Virgin Media – pirates of suburbia


Another Study Shockingly Discovers That Cable TV Needs To Compete On Price

from our “well-duh” department

For the last decade the cable and broadcast industry (Sky now Comcast) and UPC (now rebranded Virgin Media) have gone to great lengths to deny that cord cutting (dropping traditional cable tv for streaming alternatives and/or piracy) is real. First, we were told repeatedly that the phenomenon wasn’t happening at all. Next, the industry acknowledged that, certainly, a handful of people were ditching cable, but it didn’t matter because the people doing so were losers living in their mom’s basement. Then, we were told that cord cutting was real, but was only a minor phenomenon that would go away once the “Millennials” started settling down.

Of course none of these claims were true but they helped cement a common belief among older cable and broadcast executives that the transformative shift to streaming video and other services could be easily solved by doubling down on even more bad ideas. More price increases, more hubris, yet more denial and more useless equipment. Blindness to justify the milking of a dying cash cow instead of adapting to the new reality.

Shockingly it’s simply not working, VM’s recent switching off of analog services, for better broadband seemingly but no new offers have been made except for a price increase and enforced switching to their highest priced offer in order to continue to receive a similar range of channels and the ever diminishing drop in TV takeup demonstrates this, with the third quarter seeing the same old story, as a significant number of subscribers melt away.
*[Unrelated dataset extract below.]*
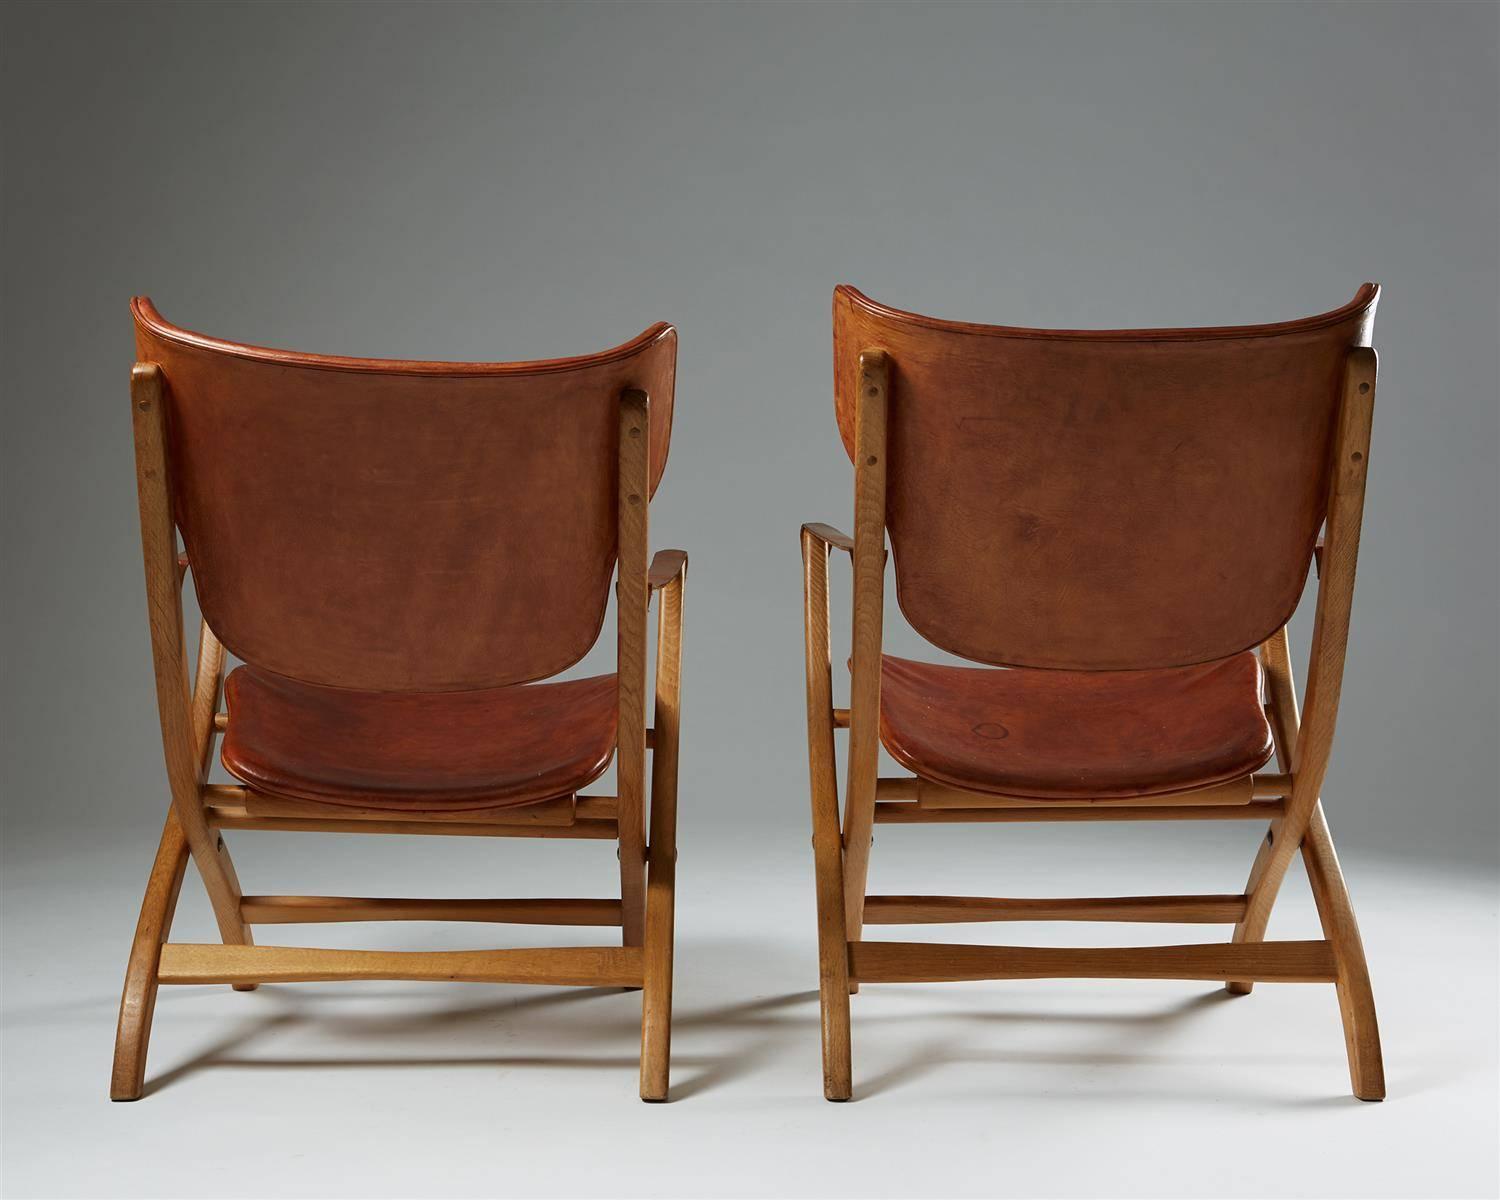 Mid-20th Century Folding Armchair “Egyptian Chair” Designed by Poul Hundevad, Denmark, 1950s

A study this month by Morning Consult once again made the obvious point that if cable wants to adapt to this new competitive threat, they absolutely must compete on package flexibility (giving users greater control over the channels they choose in their bundles) and price:

“The poll, conducted from Oct. 18-19 among a national sample of 2,201 adults, found 65 percent of respondents said that TV bundles force consumers to pay for channels they don’t want, with 73 percent of Americans saying they would prefer to choose the exact channels included in their cable or satellite TV packages.”

For most people, cost was the biggest reason for cutting the cord: 63 percent said the expense of a cable subscription was a major factor in dropping it, while 53 percent said the same for ending their satellite subscription. The second most common factor for cancellations, cited by 37 percent, was the ability to access all desired content through streaming services.

That cable needs to finally seriously compete on price isn’t a new message; it’s just that the industry doesn’t want to hear it because they don’t have to.

That is largely because these companies have an ace in the hole: a growing near monopoly over broadband in urban areas.  Most have responded to the cord cutting threat by raising prices on their captive broadband customers.

Again, there are no good choices here if you’re a cable and broadcast industry executive actually interesting in staying in the TV business, where actual competition is only just starting to heat up. Either you ignore consumer demand for a cheaper, better, and more flexible product and suddenly find yourself in a terrible hole (but keep on digging) and far behind more agile competitors. Or you adapt, take an upfront hit and at least get out ahead of a trend that’s been obvious for the better part of the last decade.